• **Task item**
What is needed is a faithful transcription of all the data below, pictures excluded.

• **Supplied information**
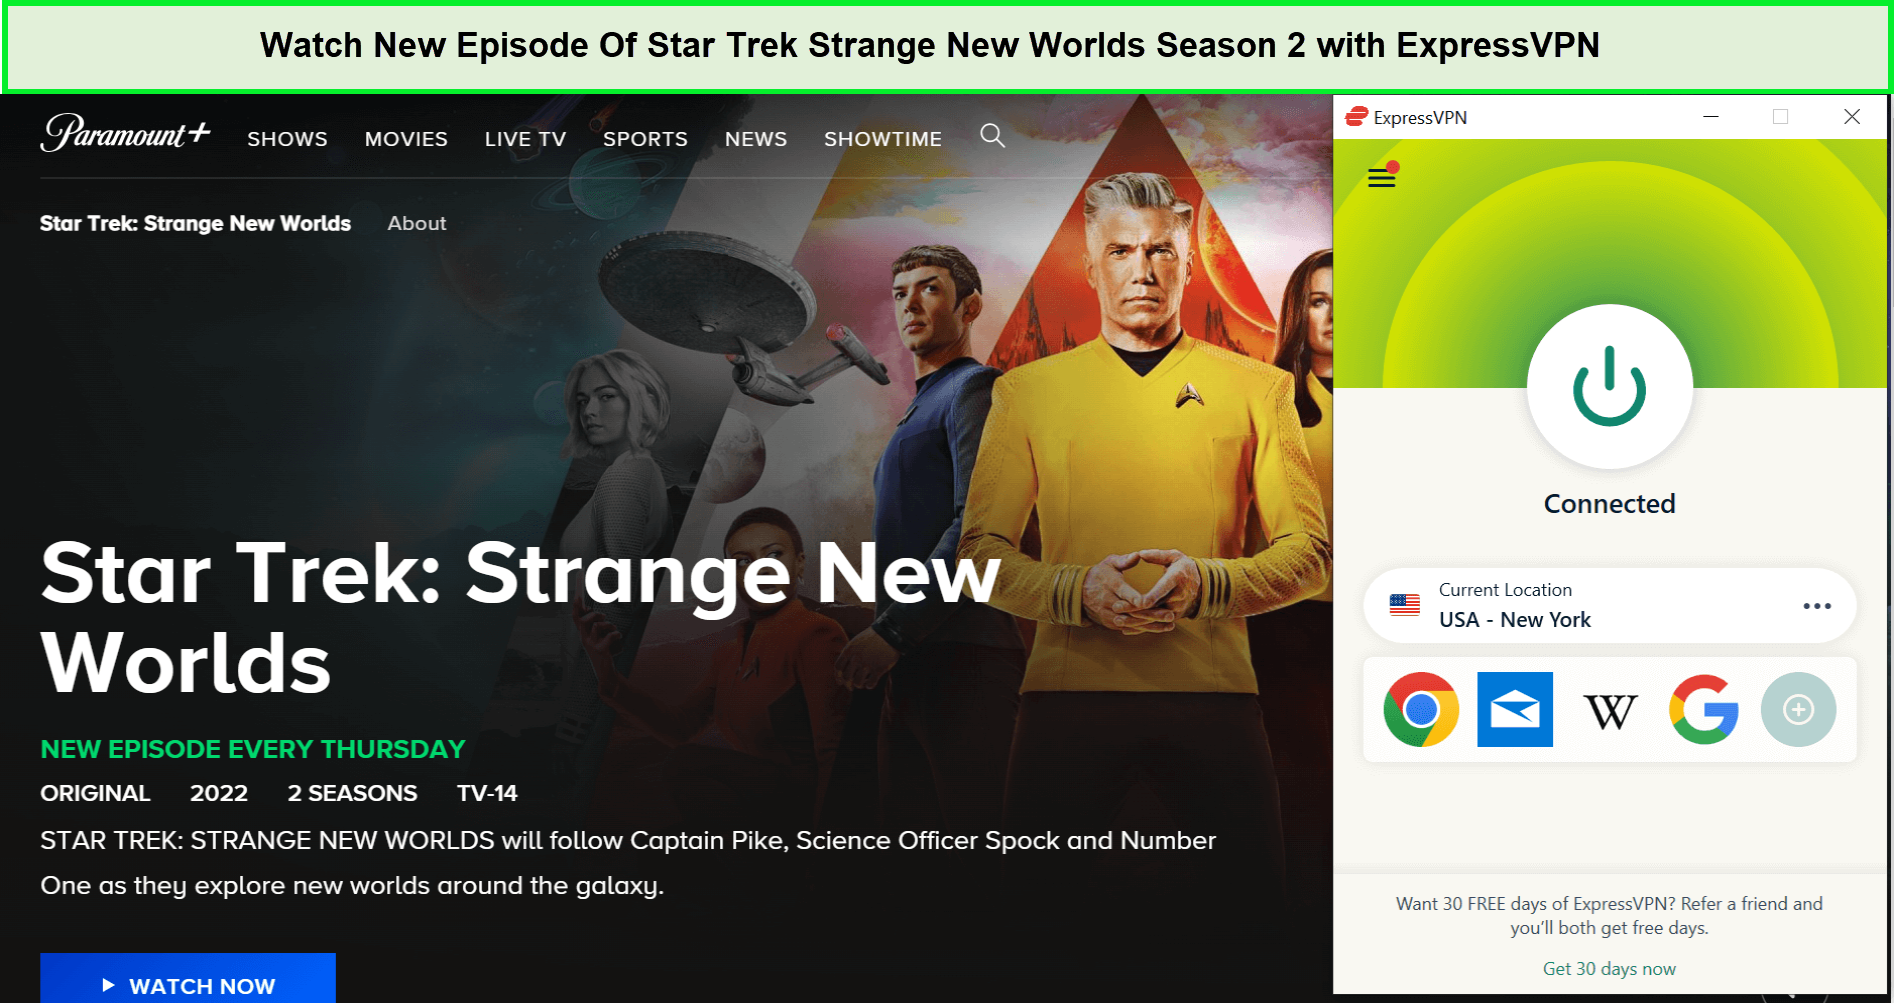 Watch-New-Episode-Of-Star-Trek-Strange-New-Worlds-Season-2-outside-USA-with-ExpressVPN
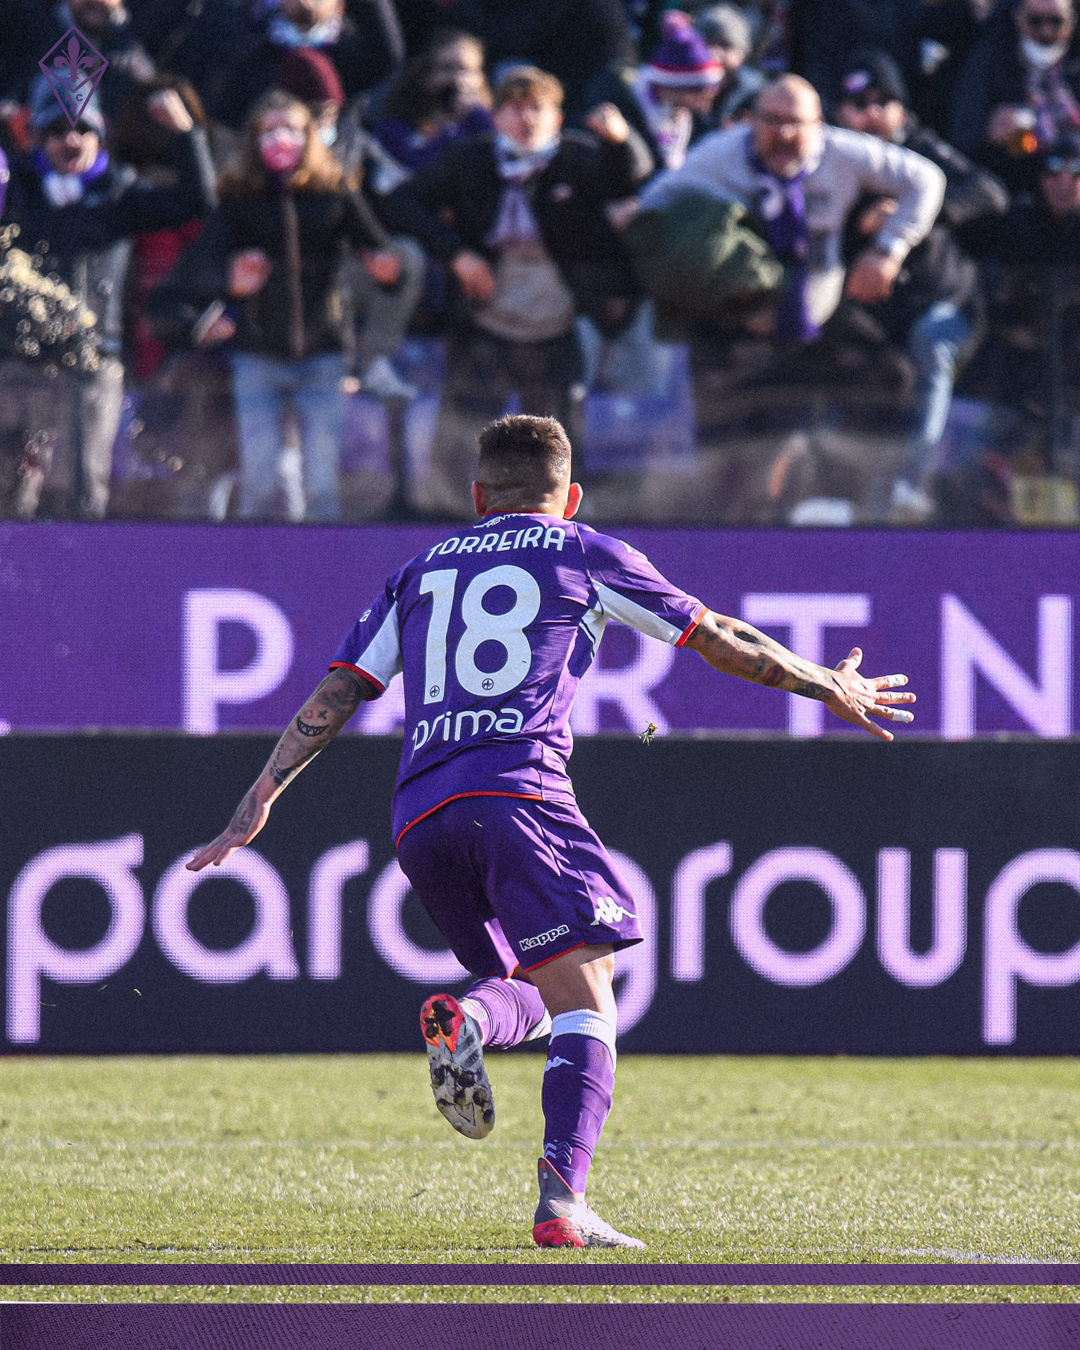 crediti immagine: Twitter ufficiale Fiorentina
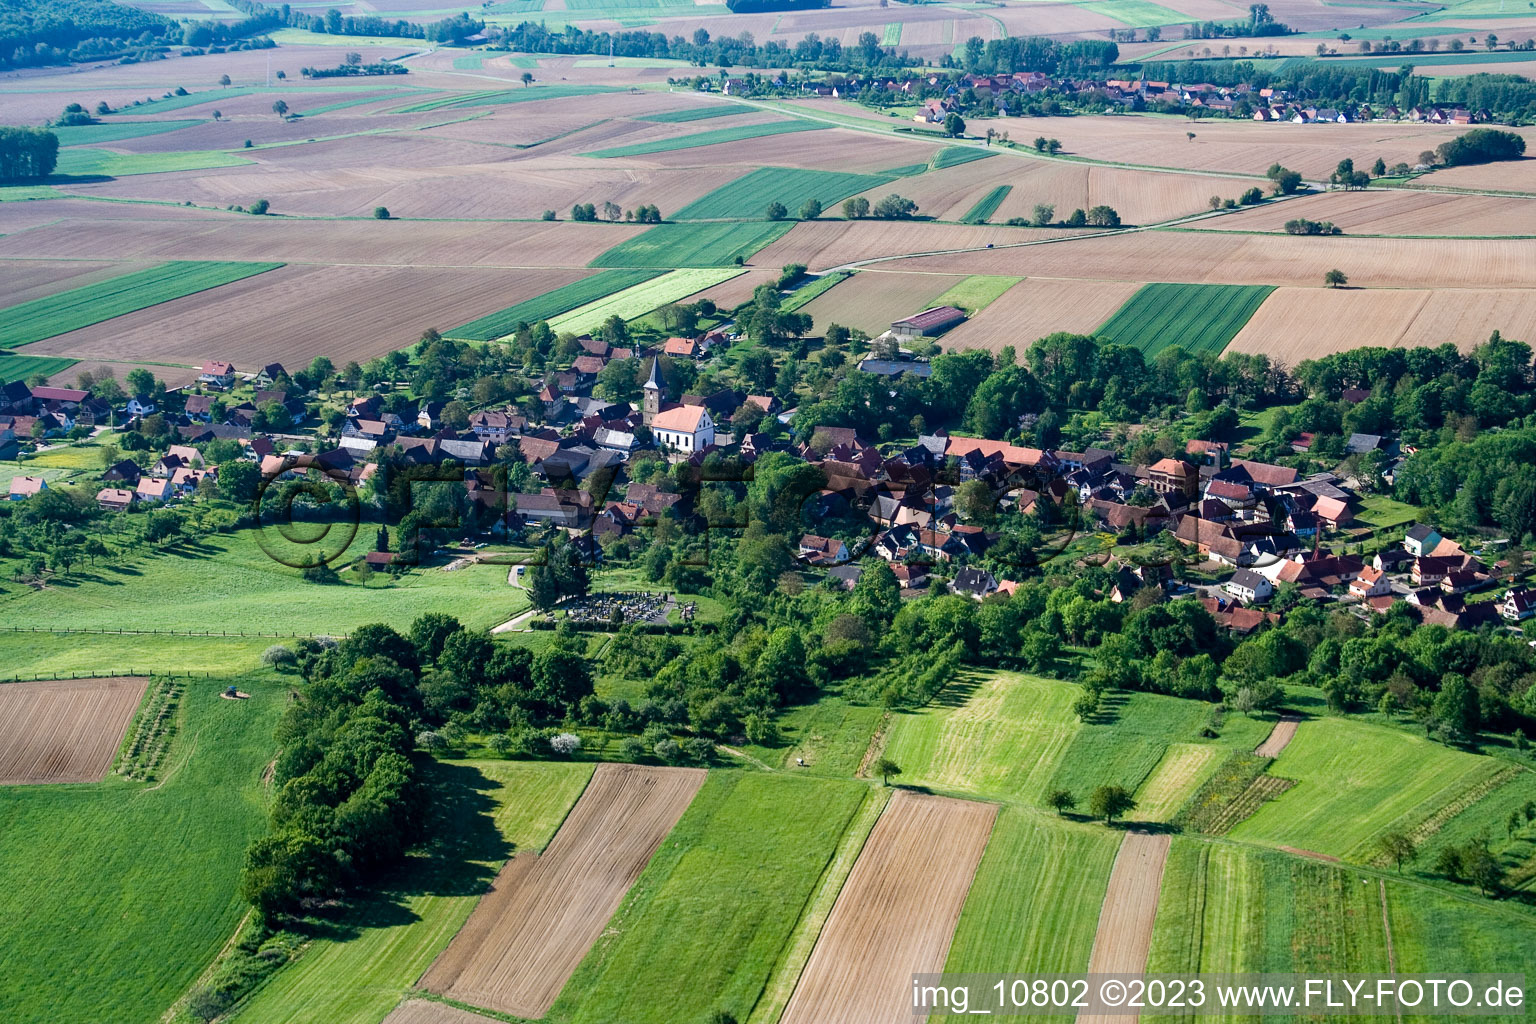 Drachenbronn-Birlenbach dans le département Bas Rhin, France vu d'un drone
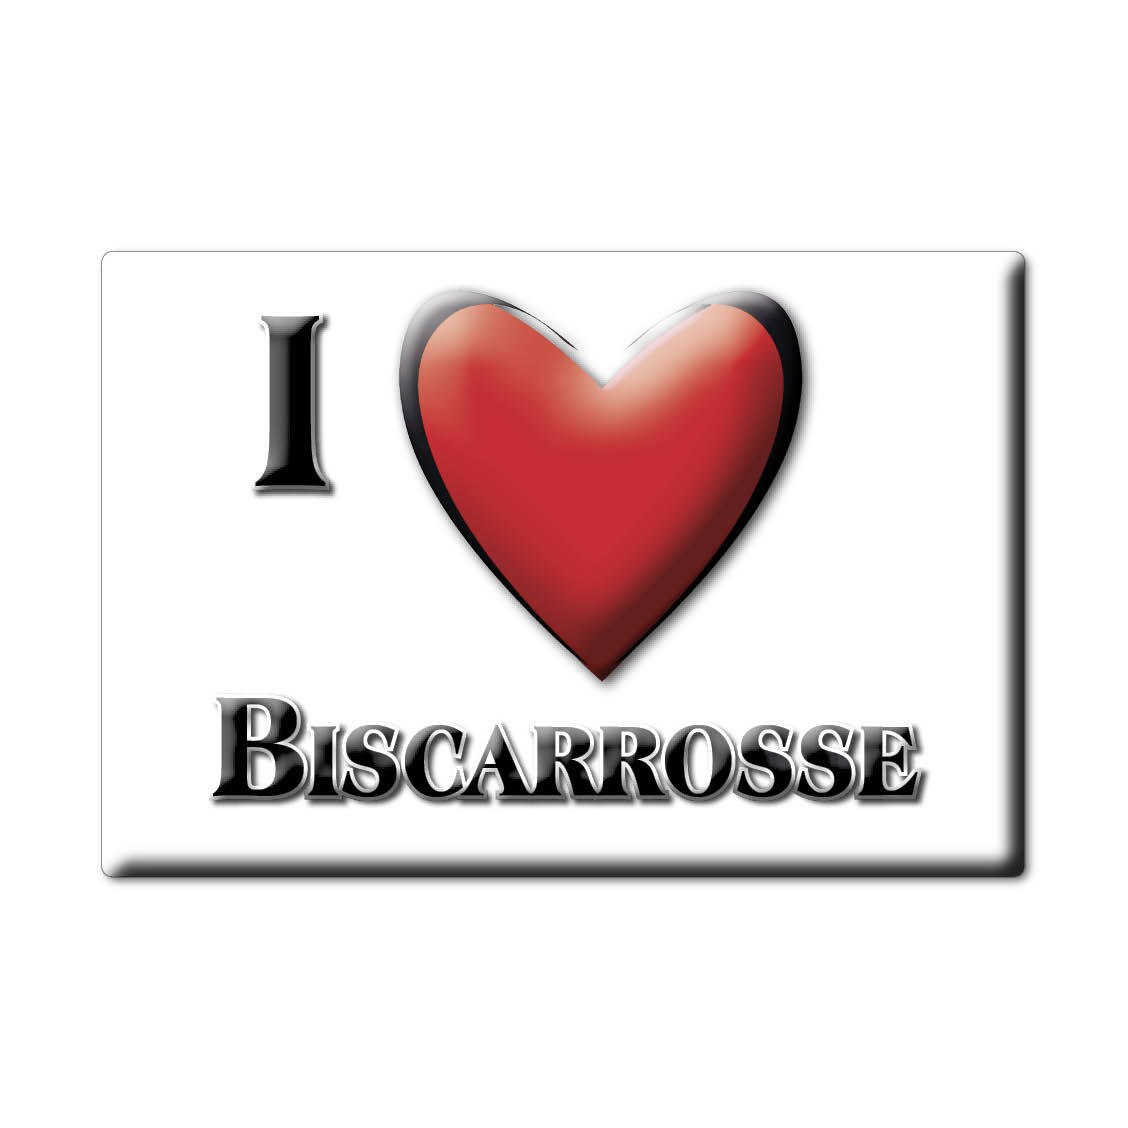 Biscarrosse Magneet Magneet Rhône Alpes (40) Frankrijk Koelkastmagneet Souvenir Ik Liefde

• **Written reply**
 Watch-New-Episode-Of-Star-Trek-Strange-New-Worlds-Season-2-outside-USA-with-ExpressVPN
 crediti immagine: Twitter ufficiale Fiorentina
 Drachenbronn-Birlenbach dans le département Bas Rhin, France vu d'un drone
 Biscarrosse Magneet Magneet Rhône Alpes (40) Frankrijk Koelkastmagneet Souvenir Ik Liefde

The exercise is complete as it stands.